Q: Who has the easiest schedule among AL wild card contenders?

A: By far, it’s the Twins. They have seven games remaining with the Tigers and two against San Diego. And the Twins also have four each with inconsistent Kansas City and Toronto. The Angels are in good shape schedule-wise, with six against pitching-thin Seattle and four against the White Sox.

Q: Who has the best rotation among AL wild card contenders?

A: The Yankees are the deepest with Masahiro Tanaka, CC Sabathia, Luis Severino, Sonny Gray and Jordan Montgomery.

Q: Do players watch the day-to-day movement in the standings as much as the fans do?

A: A quick survey in the Orioles clubhouse Thursday says no. “I hear about it, but I don’t know how it is going to help us to know,’’ says pitcher Darren O’Day. “I’m more likely to look at the golf scores than the baseball scores.’’ “There’s no need to know and put extra pressure on yourself,’’ says pitcher Dylan Bundy. “We just keep trying to win our games.’’ Says Mark Trumbo: “We can’t help but know (where the Orioles stand), but we already know that every game at this point is important.’‘

Q: Is there a team that’s going to surprise in the postseason?

A: Arizona. They are on an incredible role, but what makes them good is their pitching depth. Zack Greinke can pitch the wild card game and the Diamondbacks will still have four solid starters left with Robbie Ray, Patrick Corbin, Zack Godley and Taijuan Walker.

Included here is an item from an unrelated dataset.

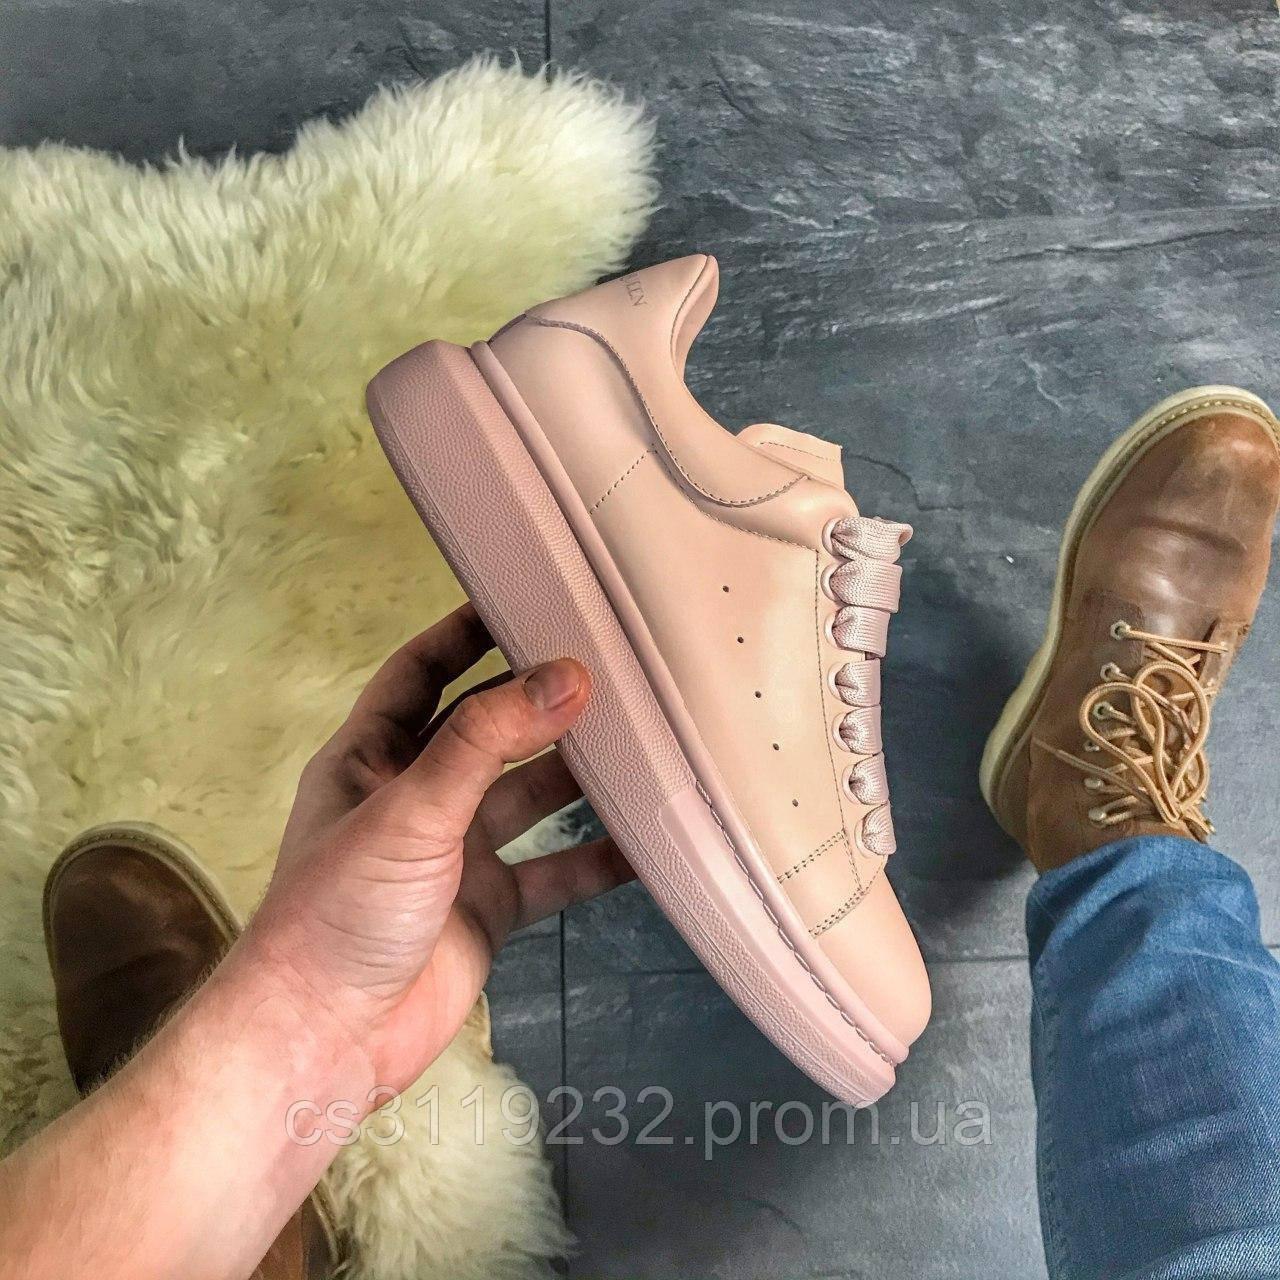 Жіночі кросівки Triple Peach (пудра)

They are a bunch of good power arms.

Q: Most players would do anything to play meaningful games in September. So what took Phillips so long to decide whether he wanted to leave the Braves for the Angels?

A: Apparently, Phillips doesn’t like change, even if it means he’s got a chance for the postseason. Two years ago, he blocked a trade to the Nationals so he could stay with the lowly Reds. The Nationals went after Daniel Murphy instead. This time, Phillips wasn’t sure he wanted to leave his hometown and the going-nowhere Braves. But his family told him he should go play for the Angels.